Lernen auf der Straße
MARK CIRINO und sein Roman „Arizona Blues"
Auch in den USA schreiben junge Menschen Popliteratur, nur macht man nicht so viel Gewese darum, weil es sie dort schon immer gab, seit es Popliteratur gab, das heißt seit den Fünfzigern und den „Beats“. Mark Cirino, Jahrgang 1971, so etwas wie die große weiße Hoffnung des Genres, hat zwei von der Kritik sehr gelobte Romane veröffentlicht und darf schon in Manhattan Creative wntmg unterrichten. So unverkrampft geht das da.

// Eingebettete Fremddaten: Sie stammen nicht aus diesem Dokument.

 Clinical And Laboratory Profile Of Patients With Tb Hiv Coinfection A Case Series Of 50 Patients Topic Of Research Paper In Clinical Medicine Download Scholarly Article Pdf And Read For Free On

„Arizona Blues“ (Rogner SL Bernhard bei 2001, 326 S., 33 Mark), sein zweites Buch, ist gerade auf deutsch erschienen und erfüllt die Gattungsvorgaben, wie man es sich nur wünschen kann. Viel Musik wird hier zitiert, zumeist die Klassiker: Stones, Velvet Underground, Van Morrison. Auch scheut sich Cirino nicht, die altbekannten Stereotypen und Standardsituationen der amerikanischen Kultur noch einmal fruchtbar zu machen, etwa die Reise durch die Staaten zum Zwecke der Selbstfindung. Und vor allem liefert er Empirie, viel Empirie.

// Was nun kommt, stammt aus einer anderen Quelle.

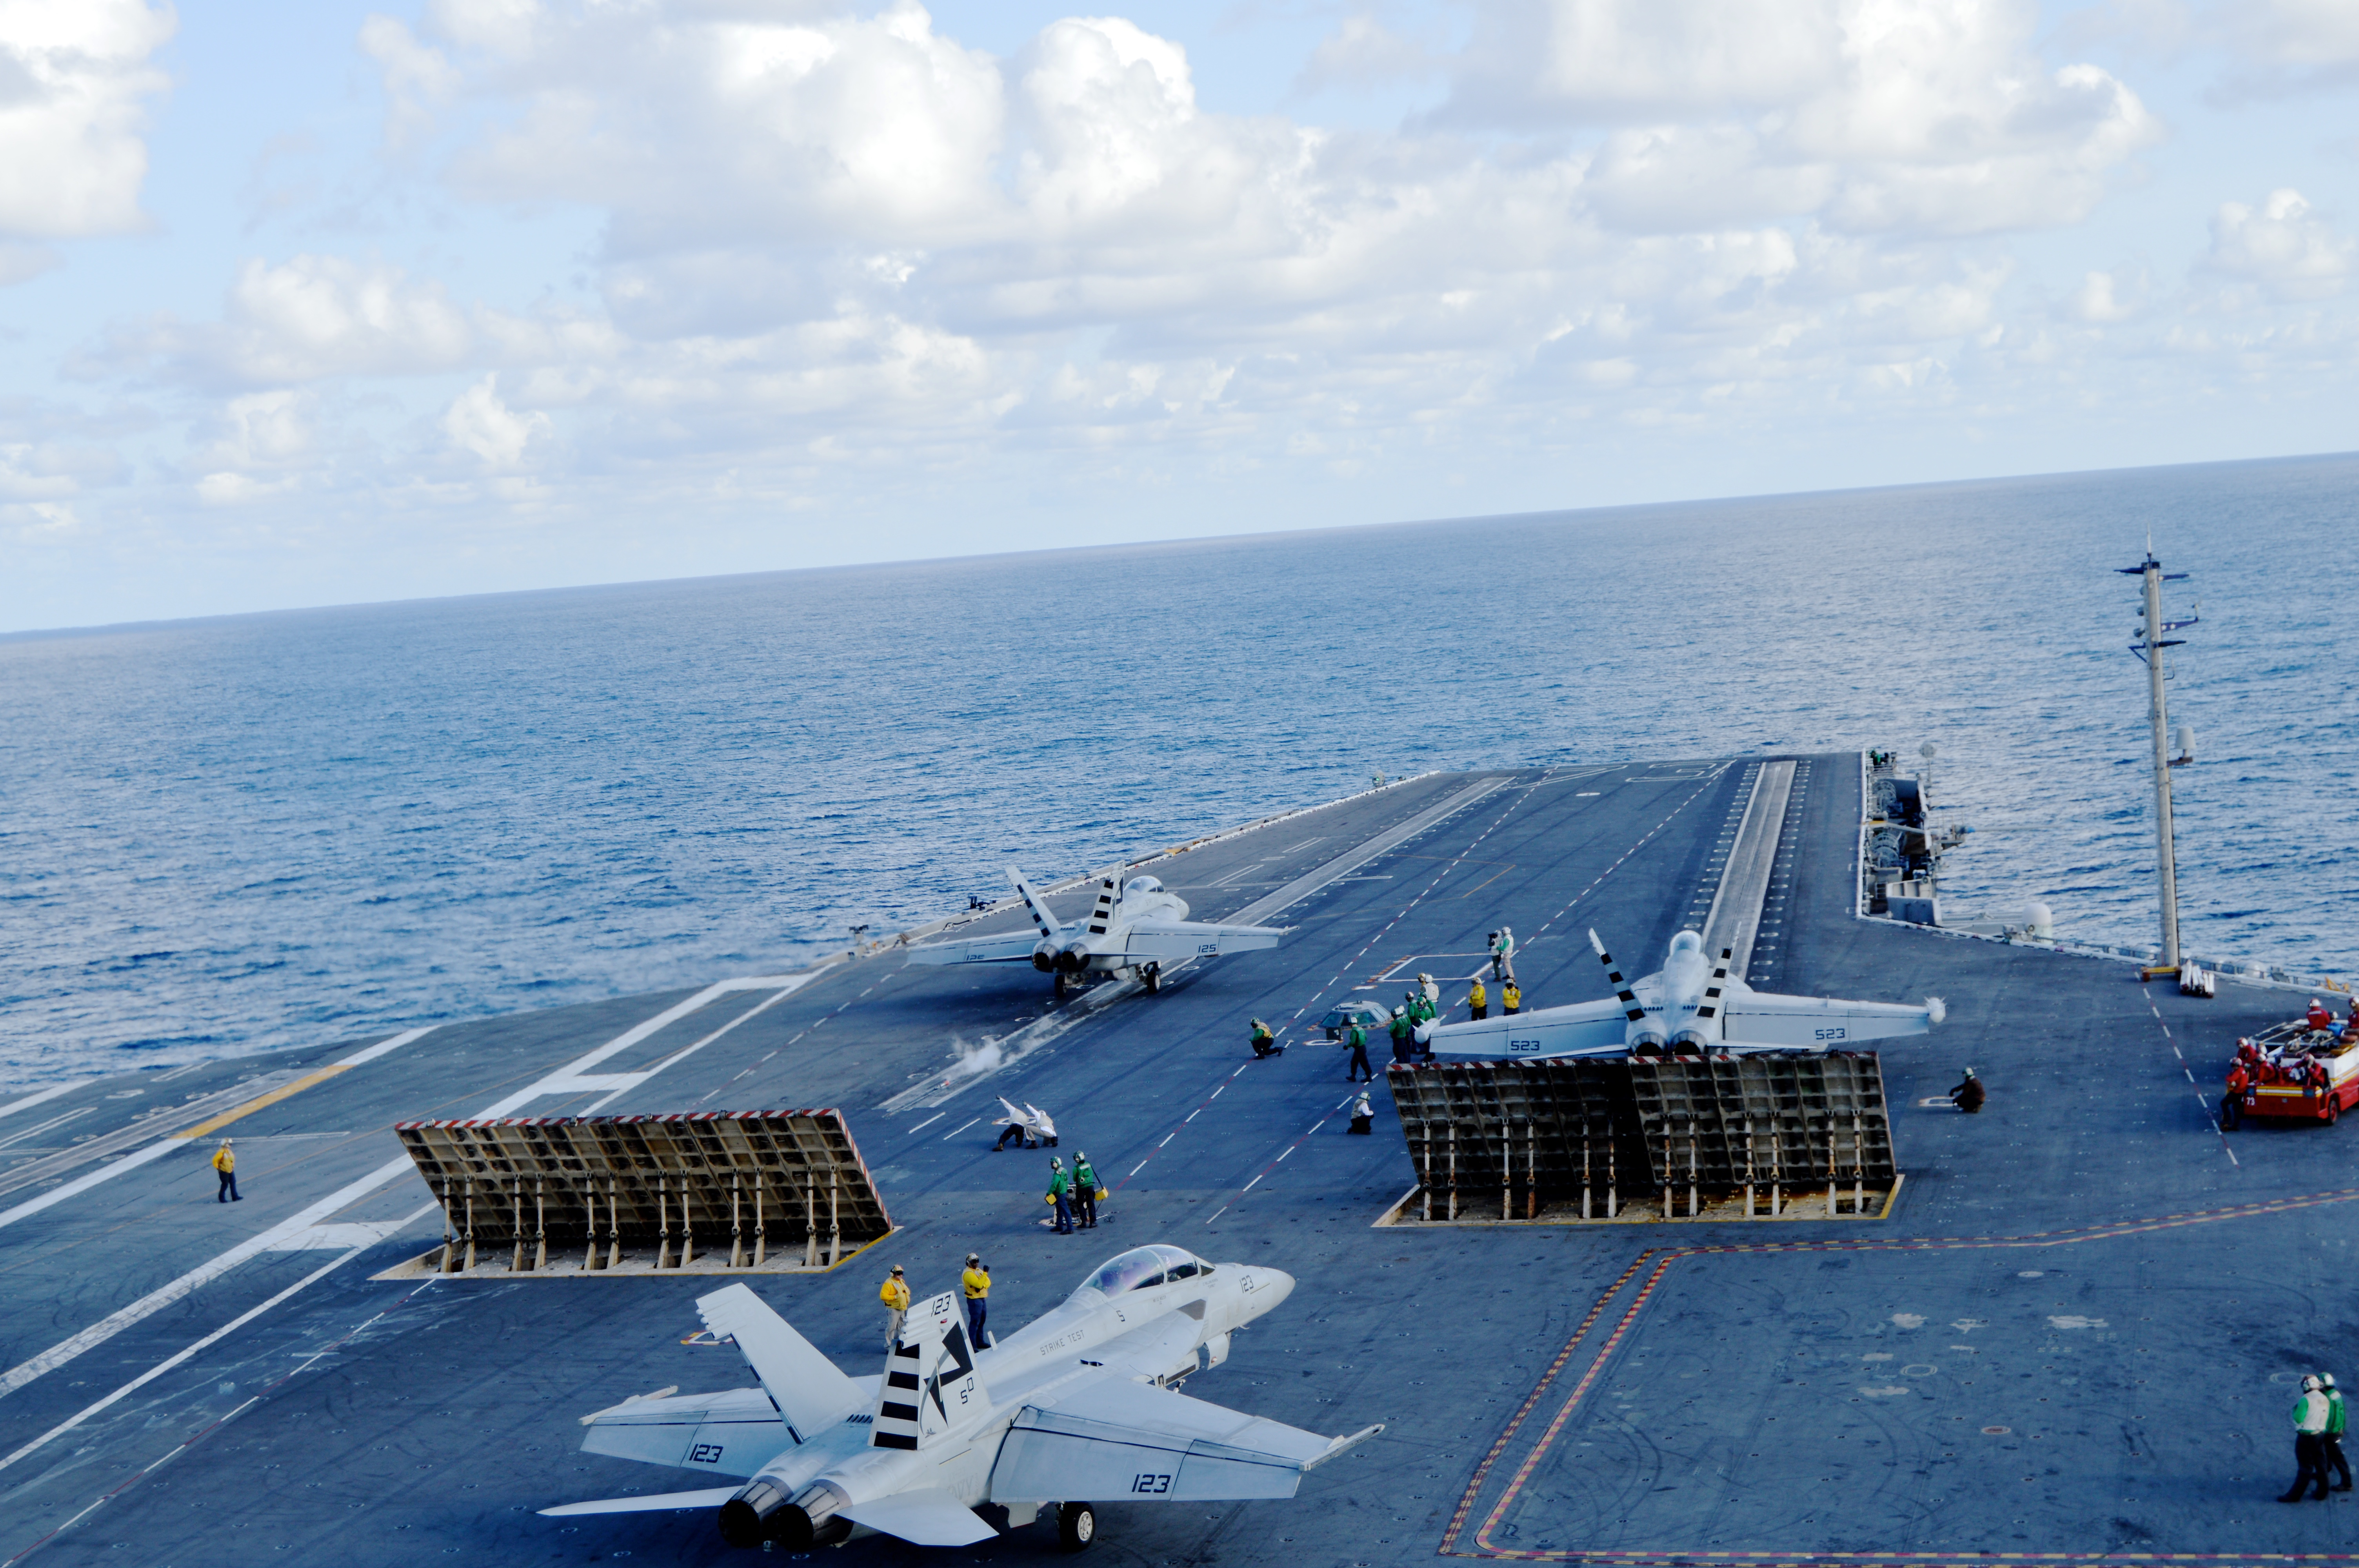 F/A-18F Super Hornets and an EA-18G Growler in Air Test and Evaluation Squadron (VX) 23 prepare to launch from the deck of USS George Washington (CVN-73) on June 27, 2016, while testing the MAGIC CARPET carrier landing assistance technology. USNI News photo.

„Die kleinen Erfahrungen, die man unterwegs nebenbei macht, sind es, die man sich merken sollte“, schärft uns Clay ein, der Ich-Erzähler und Front man einer New Yorker Bluesrock-Band. „Nicht den trivialen Quatsch, den sie dir auf der Uni erzählen. Mein Ziel ist es, mir die Weisheit der ganzen Welt zunutze zu machen. Genau. Eines Tages werde ich ein Meisterschüler dessen sein, was man auf der Straße lernt“
Um Weltwissen und nur darum geht es auch Cirino. Wie sein Alter ego, dieser moderne Spinozist und Mystiker in einem, feiert er das Dasein in dessen alltäglichen Facetten mit liebevollen, expressiven Detailbeschreibungen.
Wer so engagiert das Leben auf diesem unvollkommenen Planeten verteidigt, auch wenn er Leid und Trauer keineswegs ausspart, ist im Grunde seines Herzens ein Konservativer. Und ein nachgerade archetypischer, uramerikanischer und in dieser menschenfreundlichen Liberalität nicht mal so unsympathischer Konservativismus spiegelt sich denn auch im Inhalt von „Arizona Blues“ wider.

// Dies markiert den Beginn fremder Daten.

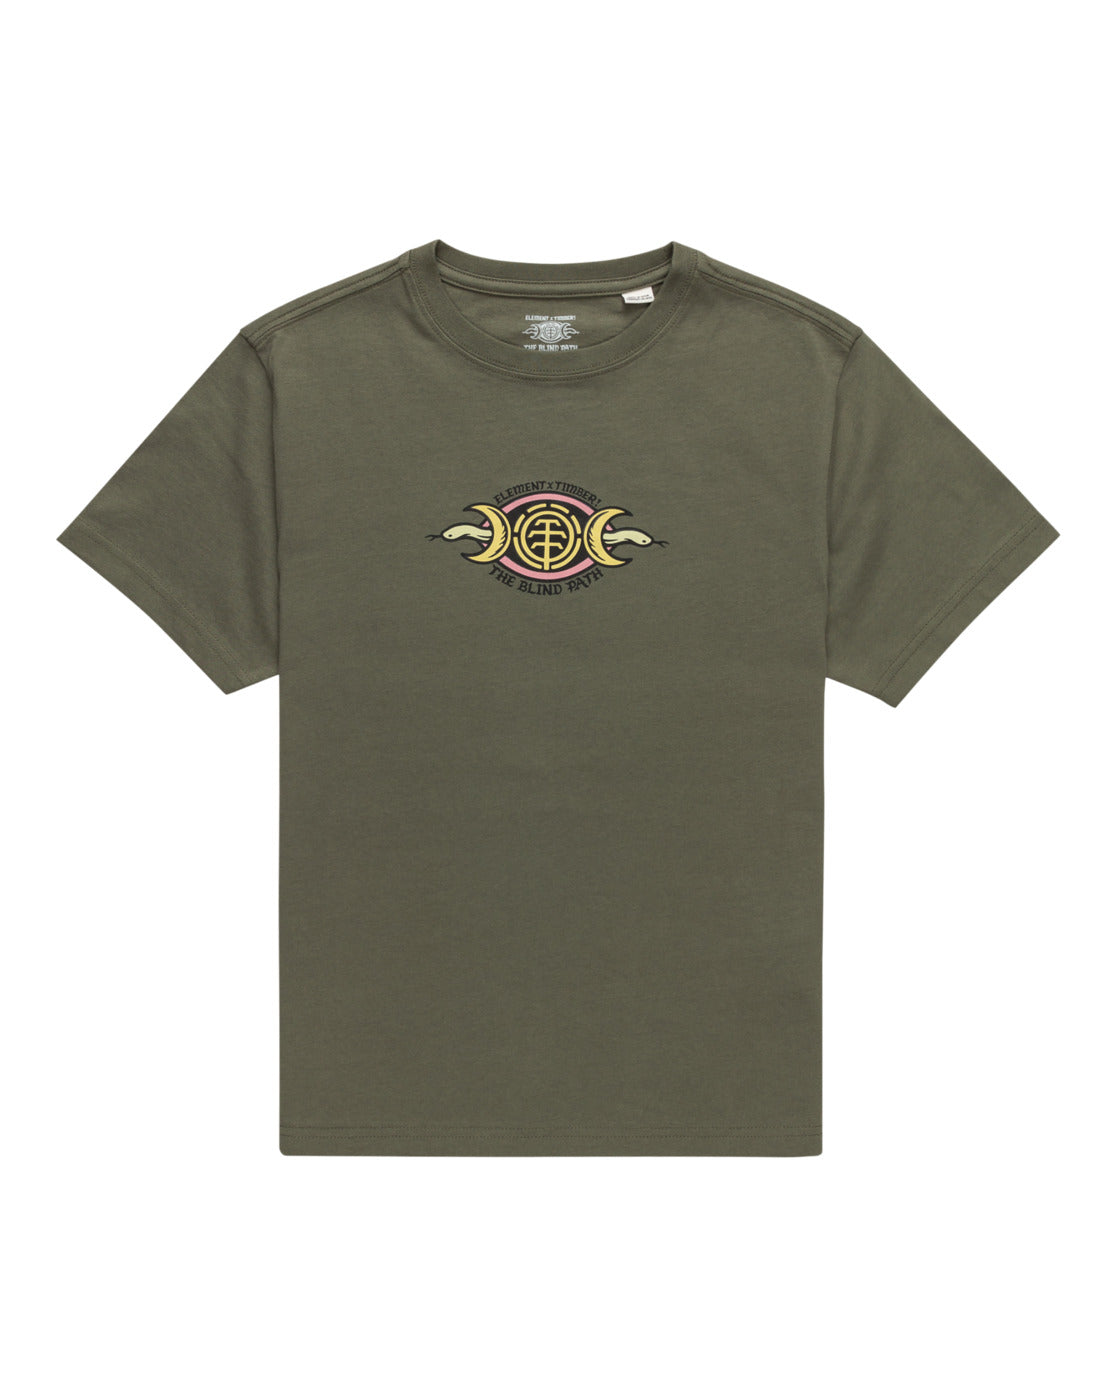 ELEMENT - TIMBER OMEN SS YOUTH TEE - BEETLE

Clay sitzt an seinem 27. Geburtstag allein in einer Bar und lässt das letzte Jahre Revue passieren: den Geburtstag davor, den er mit Groupie Molly und einer Prise Koks in einer dunklen Seitenstraße verbringt; den brutalen Überfall ihres eifersüchtigen Redneck-Lovers, der nach einem grandiosen Konzert der Band den Falschen absticht, nämlich Clays besten Freund; schließlich Clays Flucht quer durch die Staaten nach Arizona, wo er Shana kennenlernt und sesshaft wird. Statt für den Exzess entscheidet er sich für das einfache Leben.
Aber Cirino ist glücklicherweise New Yorker genug und verkauft diese doch ein wenig simple und wohlfeile Moral nicht gleich als allein seligmachendes Heilsbekenntnis.